— Почему я пью?.. Потому пью, что вот тут, — он показал на грудь, — кипит… Евстигней, паскуда… мою жену… Понял? Ты понял?.. Ничего ты не понял. Нет у меня теперь жены. Кругом паскудство! У каждой шахты повесили железные кружки… бросать самородки. Бросил фунт… первый раз — получай по четыре рубля за золотник, со второго фунта — по рублю. Нашли дураков. А мы вот не дураки. Больше фунта в кружку никто не кладет. Остальное загоняем за спирт… Будешь пить?
Увидев спирт, Федор не смог побороть искушение, взял бутылку и, не дыша, сделал несколько глотков. Жидкость обожгла горло, забило дыхание. Федор еле продохнул.
— Еще пей!
Федор покачал головой, возвращая бутылку с недопитым спиртом. Пьяный взял в рот горлышко бутылки и запрокинул голову. Спирт забулькал в горло.
— У-у-у-ух!.. — громко выдохнул он с присвистом, тыльной стороной рукавицы вытер губы.
Спирт ударил Федору в голову, стало тепло-тепло.
— Пей!..
Федор взял бутылку и опять отпил. На этот раз спирт пошел легче и не так жег. Он хотел вернуть владельцу остаток спирта, но тот не взял.

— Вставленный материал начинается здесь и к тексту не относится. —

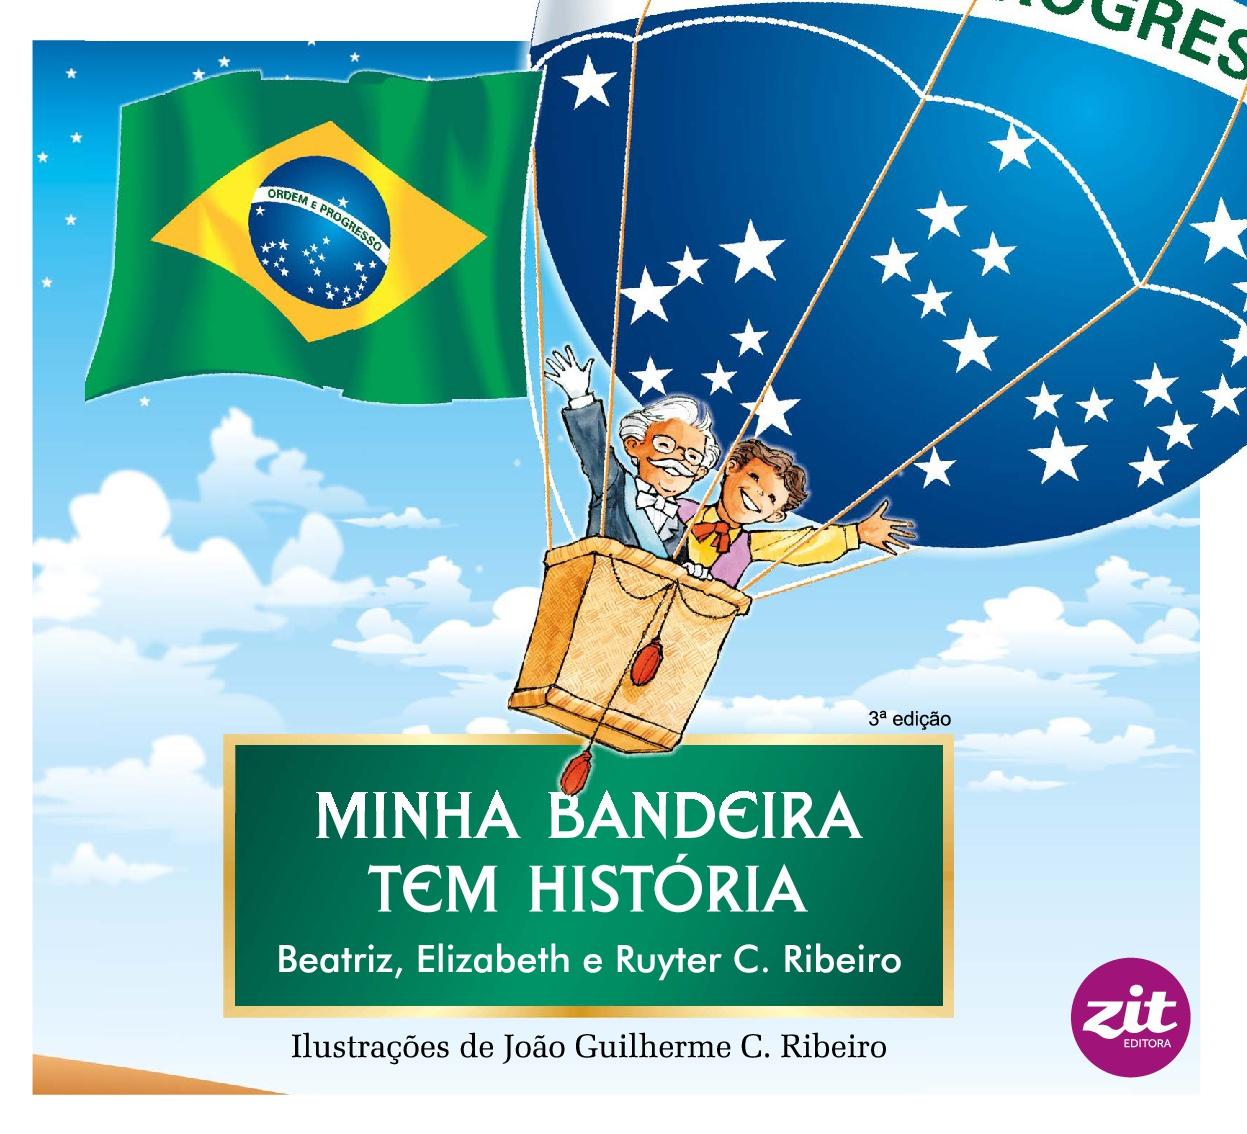 Minha-bandeira-tem-historia_Leiturinha2-001
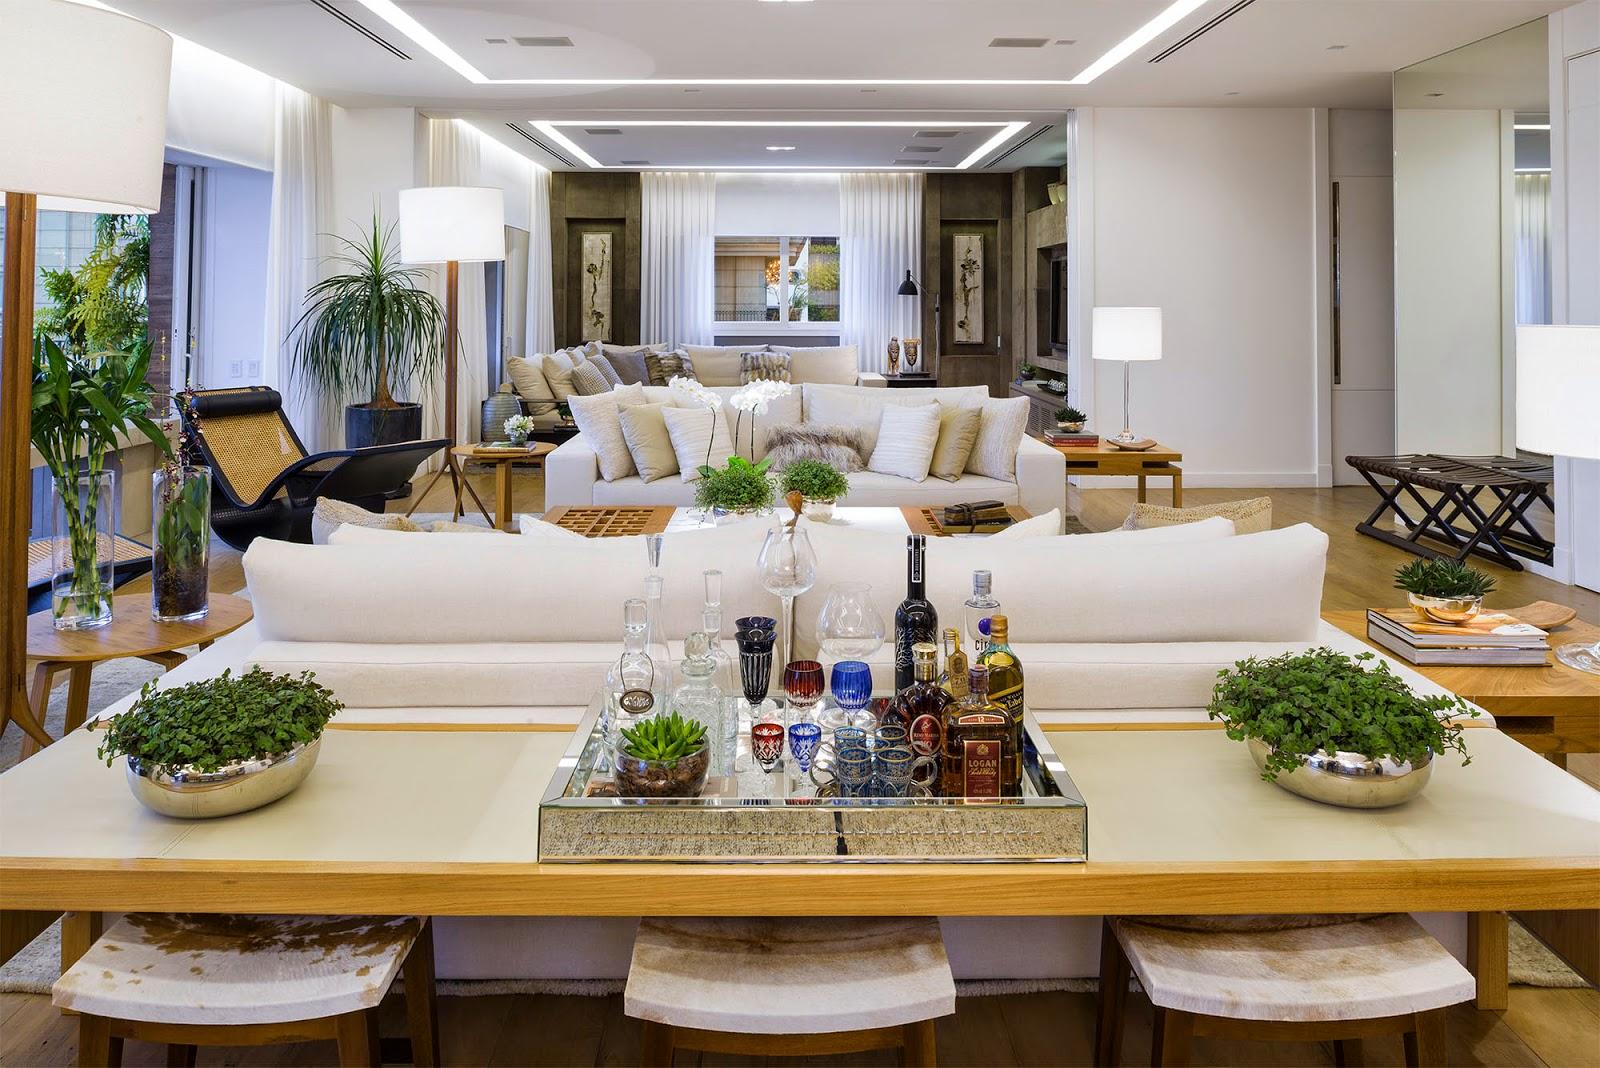 Ideias&soluções para as costas do sofá Ambientes de Charme #A37328 1600x1068

— Допивай… Пробка потерялась… Давай тяни, все равно выльется.
Федор допил бутылку и бросил ее в снег… Он не помнил, когда приехал с лесом на прииск и что делал. Ему потом рассказывали, что, когда олени подвезли их к штабелям, Федор, вместо того чтобы сгружать лес, сидел, обнявшись, со своим спутником на нарте и пел. К ним подошел урядник Васька Тюменцев и поволок в участок.
Проснулся Федор утром в арестантской. Голова раскалывалась, тянула вниз, как берестяное ведро с водой, в горле пересохло. Его друг по несчастью бревном лежал на грязном полу. Потом пошевелился, шаря у себя за пазухой.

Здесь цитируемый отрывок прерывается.